* What to do
In the copy, keep every line below as it is and leave out the pictures.

* Data
----

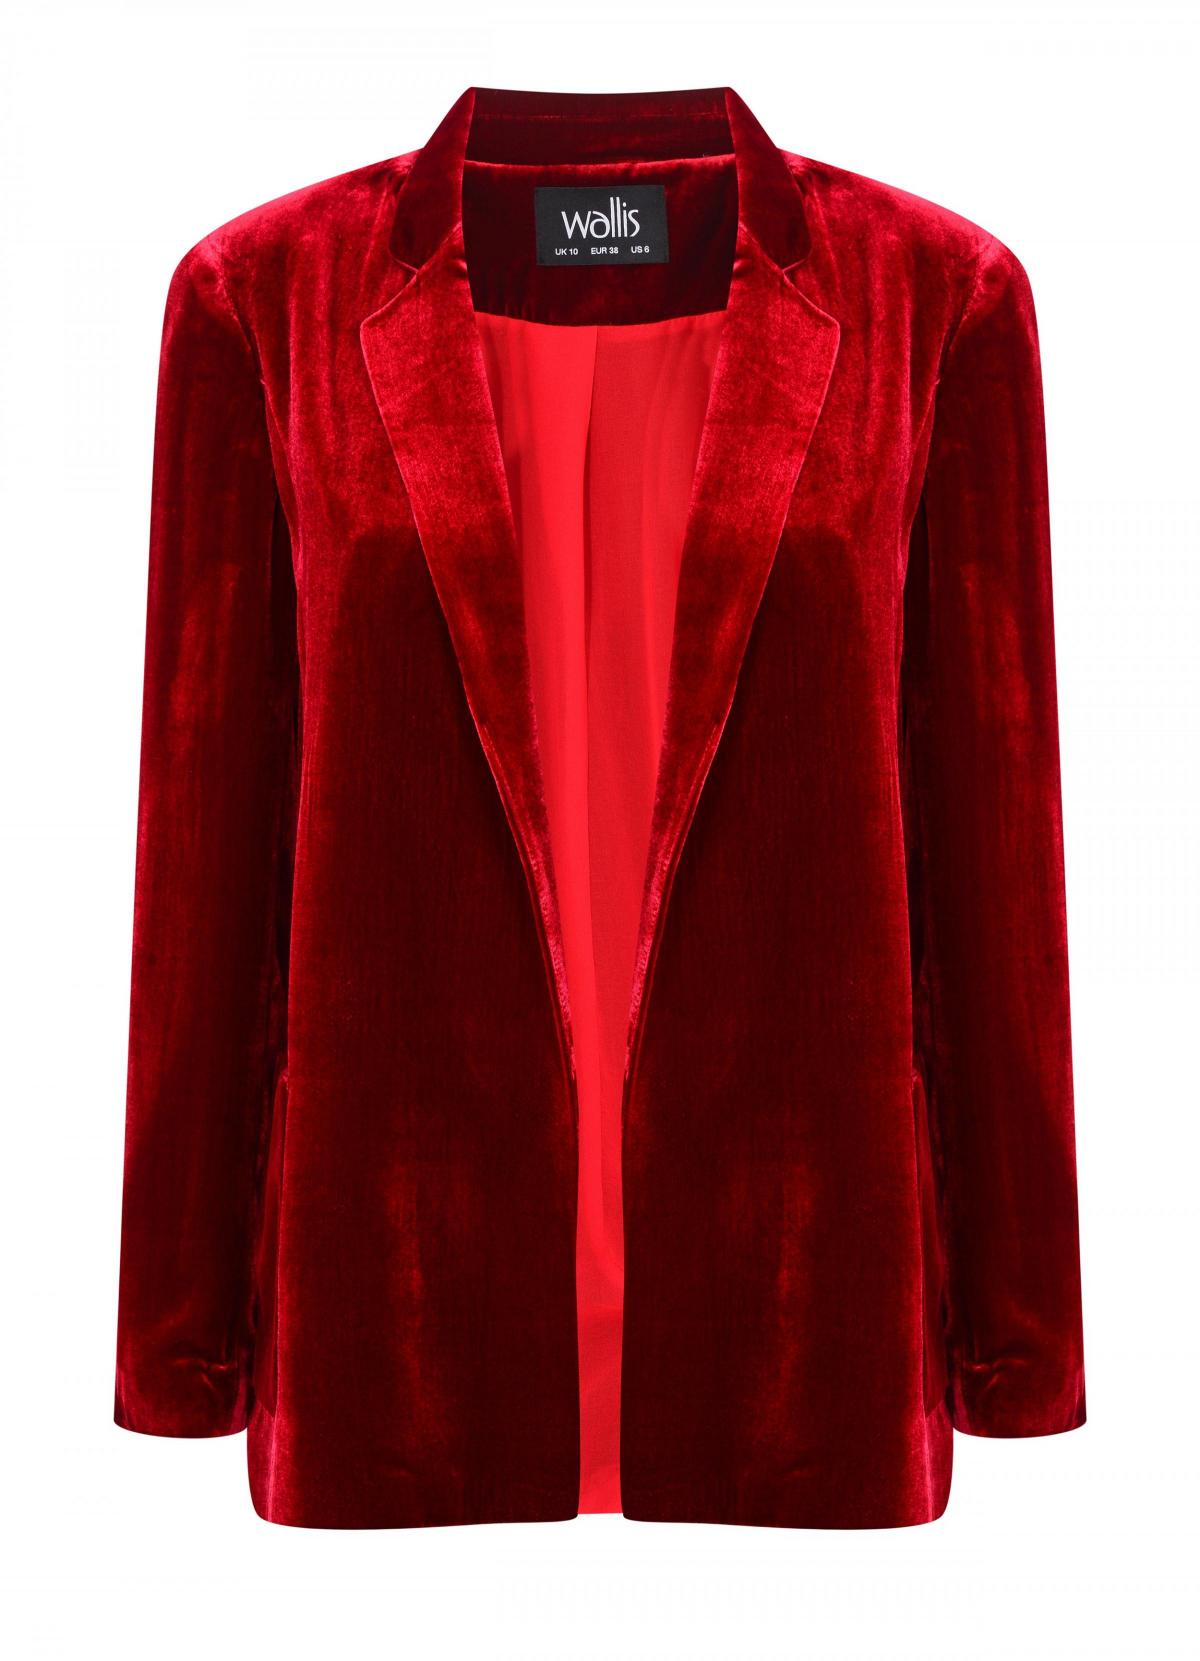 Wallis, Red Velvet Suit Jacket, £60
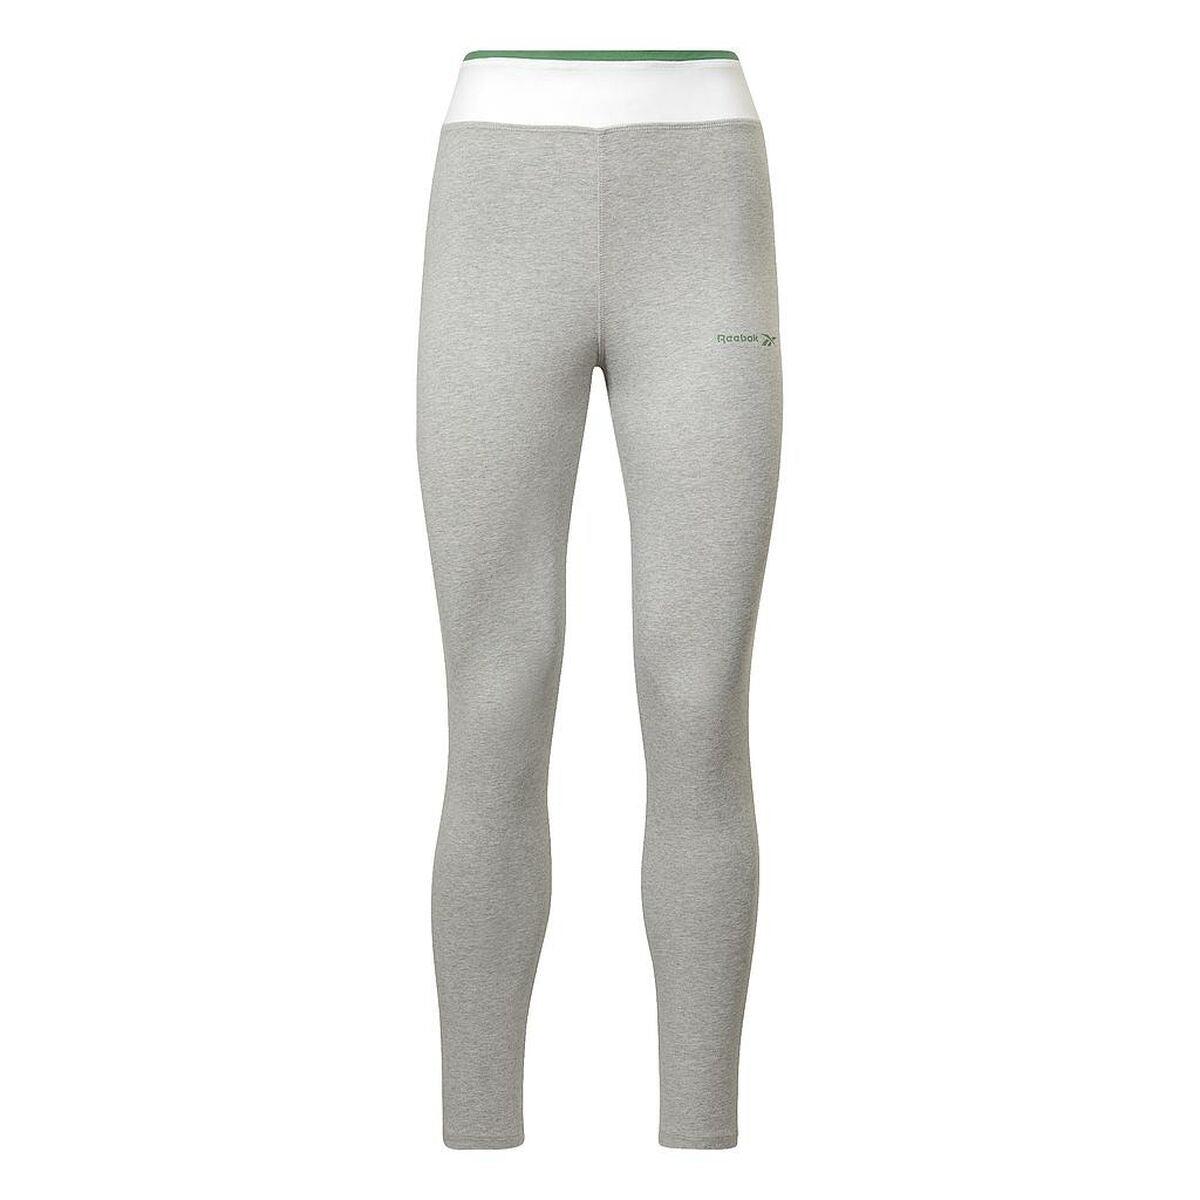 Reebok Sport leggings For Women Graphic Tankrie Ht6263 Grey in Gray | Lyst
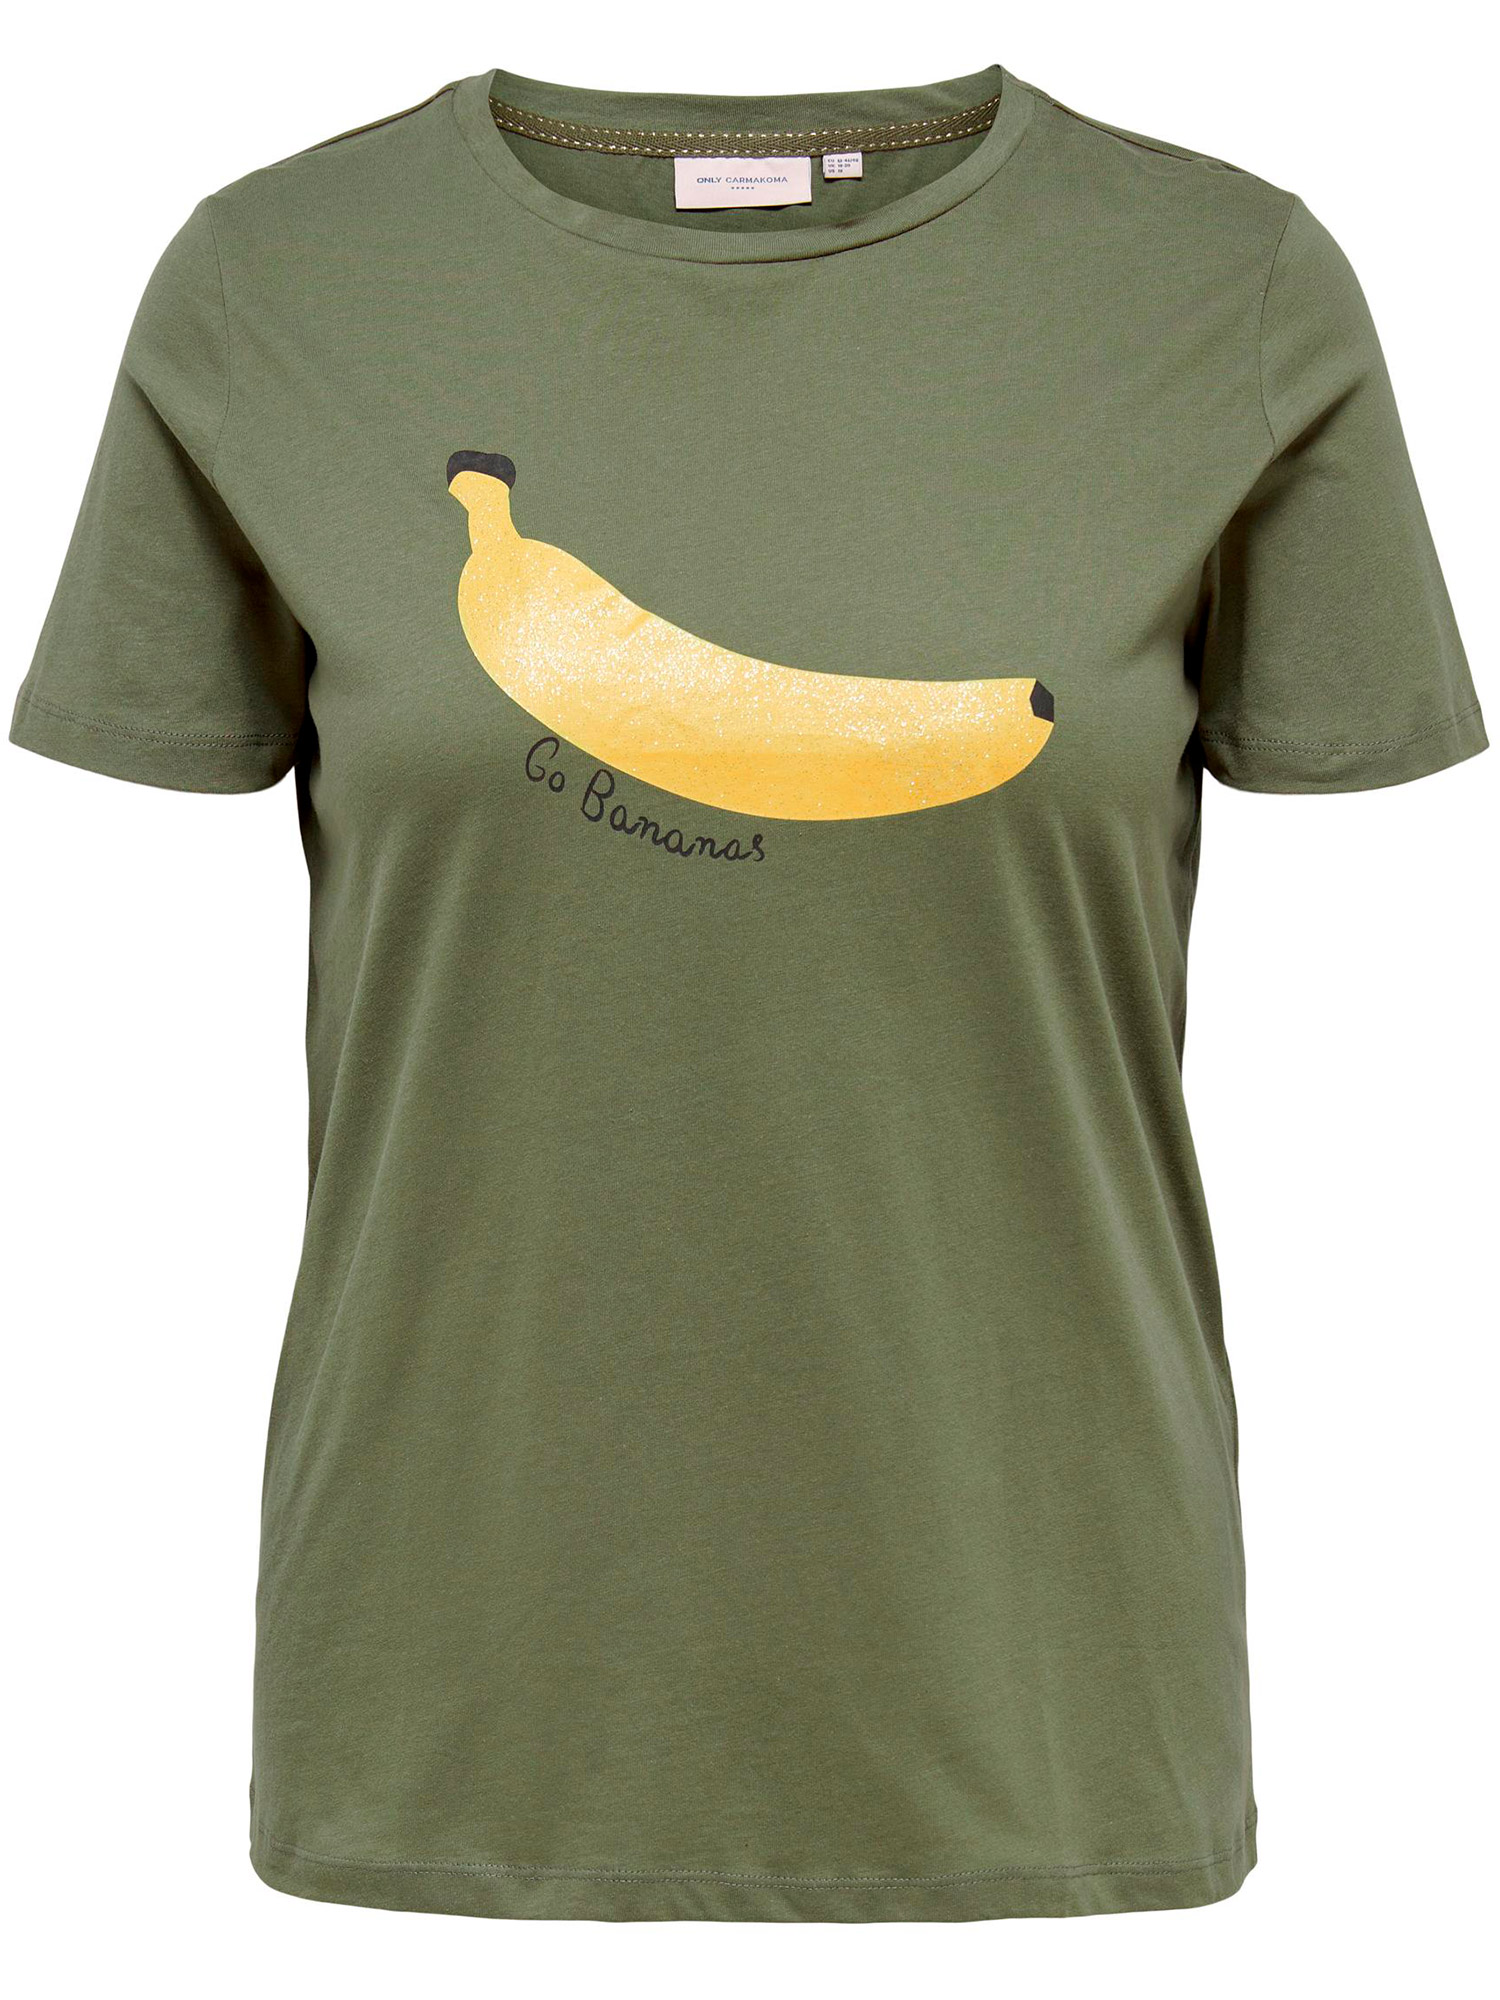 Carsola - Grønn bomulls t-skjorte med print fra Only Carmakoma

----

* Output of the exercise
 Wallis, Red Velvet Suit Jacket, £60
 Reebok Sport leggings For Women Graphic Tankrie Ht6263 Grey in Gray | Lyst
 Carsola - Grønn bomulls t-skjorte med print fra Only Carmakoma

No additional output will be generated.